Scala in Spark basic operation not finished

Source: Internet
Author: User

[Introduction to Apache spark Big Data Analysis (i) (http://www.csdn.net/article/2015-11-25/2826324)

Spark Note 5:sparkcontext,sparkconf

Spark reads HBase

Scala's powerful collection data operations example

Some RDD operations and transformations in spark

# Create Textfilerdd
val textfile = Sc.textfile ("readme.md")
Textfile.first ()  #获取textFile The first element of the Rdd
Res3 : String = # Apache Spark

# filters out the RDD that includes the Spark keyword and then makes a row count
val  lineswithspark = textfile.filter (line = Line.contains ("Spark"))
Lineswithspark.count ()
res10:long =

# Find the line
with the most number of words in the RDD textfile Textfile.map (Line=>line.split (""). Size). Reduce ((b) =>math.max (A, b))
res12:int =  # Line 14th is the line that contains the most words

# introduces Java methods in the Scala shell:
import Java.lang.Math
textfile.map (Line=>line.split (""). Size).
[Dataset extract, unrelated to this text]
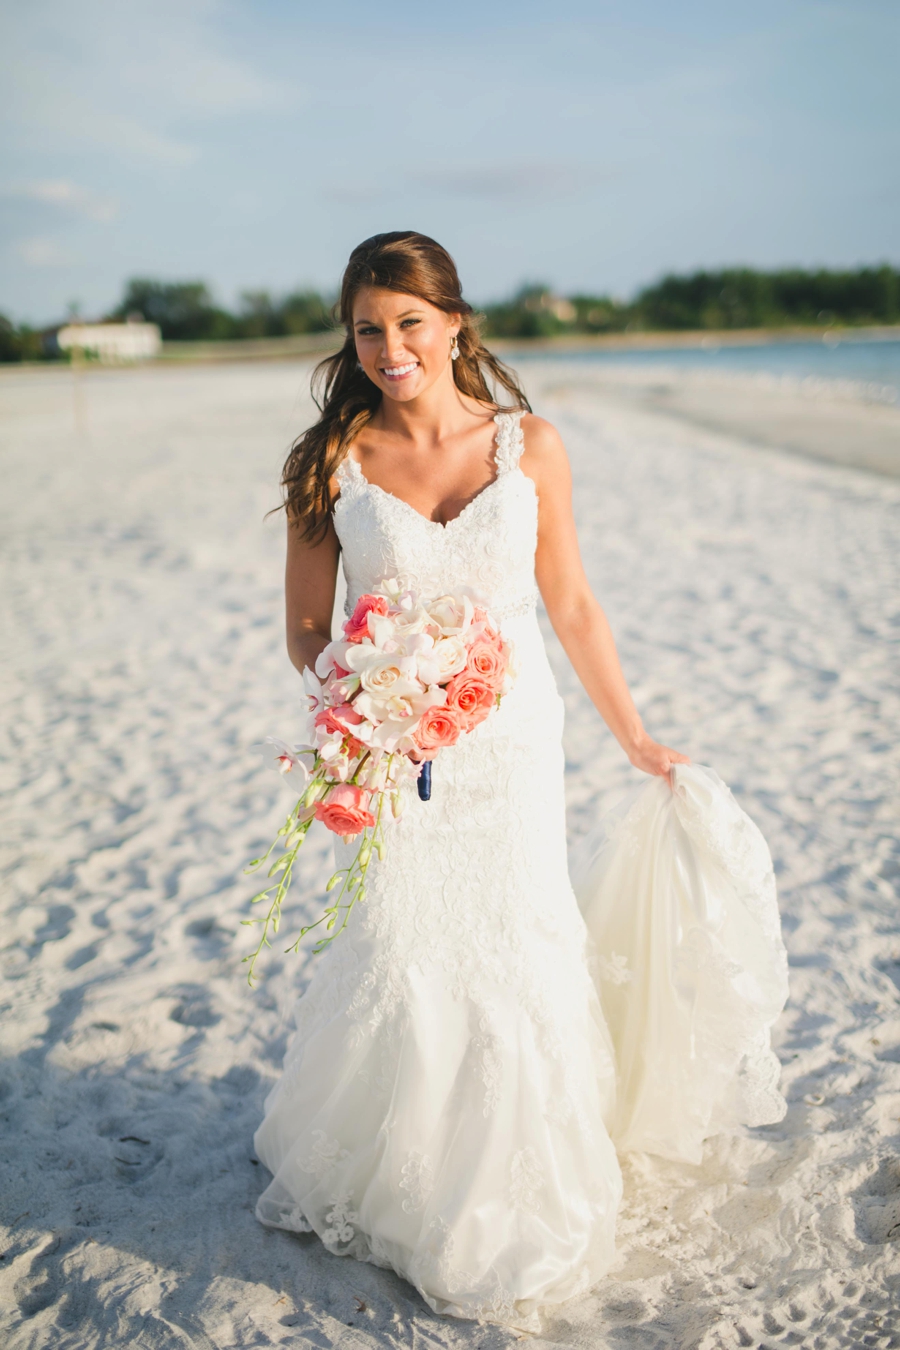 A Nautical Florida Destination Wedding via TheELD.com
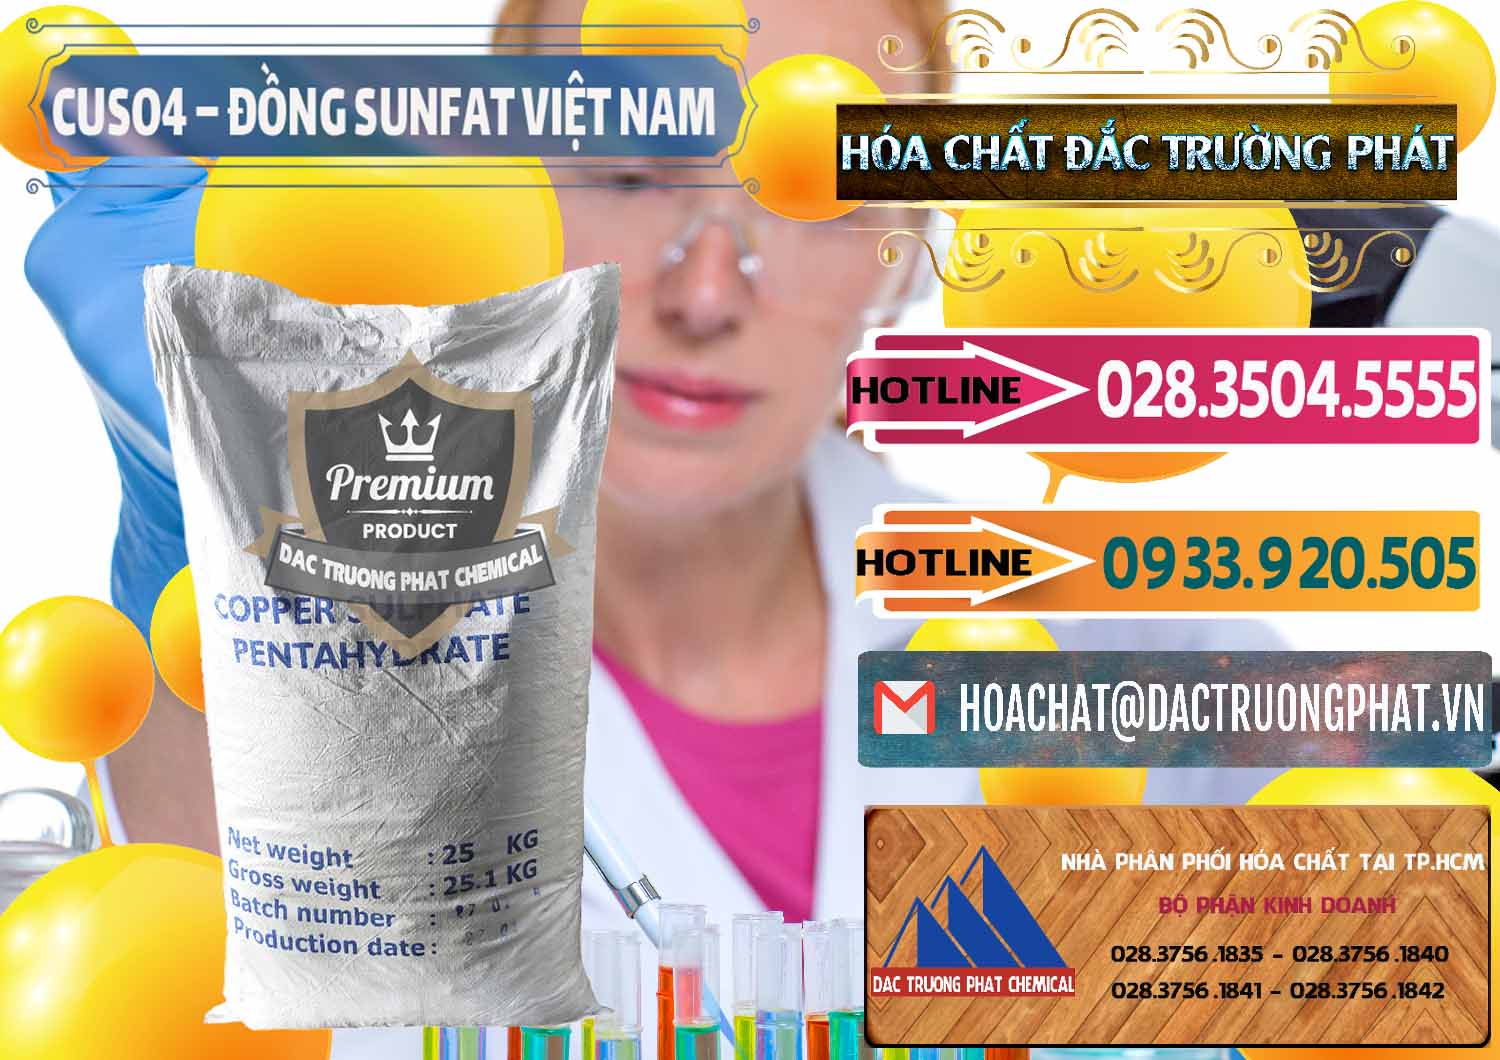 Nơi chuyên bán ( cung cấp ) CuSO4 – Đồng Sunfat Dạng Bột Việt Nam - 0196 - Cty cung cấp _ bán hóa chất tại TP.HCM - dactruongphat.vn

Reduce ((b) = Math.max (A, b))

#将RDD Lineswithspark Cache, and then Count
Lineswithspark.cache ()
Res13 : Lineswithspark.type = 
Mappartitionsrdd[8] at filter at <console>:23
lineswithspark.count ()
Res15:long = 19

RDD:
Makerdd and Parallelize are the same, but Makerdd seems to be used only in Scala, and parallelize is available for Python and R.

# Create an RDD from a list of words Thingsrdd
val thingsrdd = sc.parallelize (List ("Spoon", "fork", "plate", "Cup", "Bottle"))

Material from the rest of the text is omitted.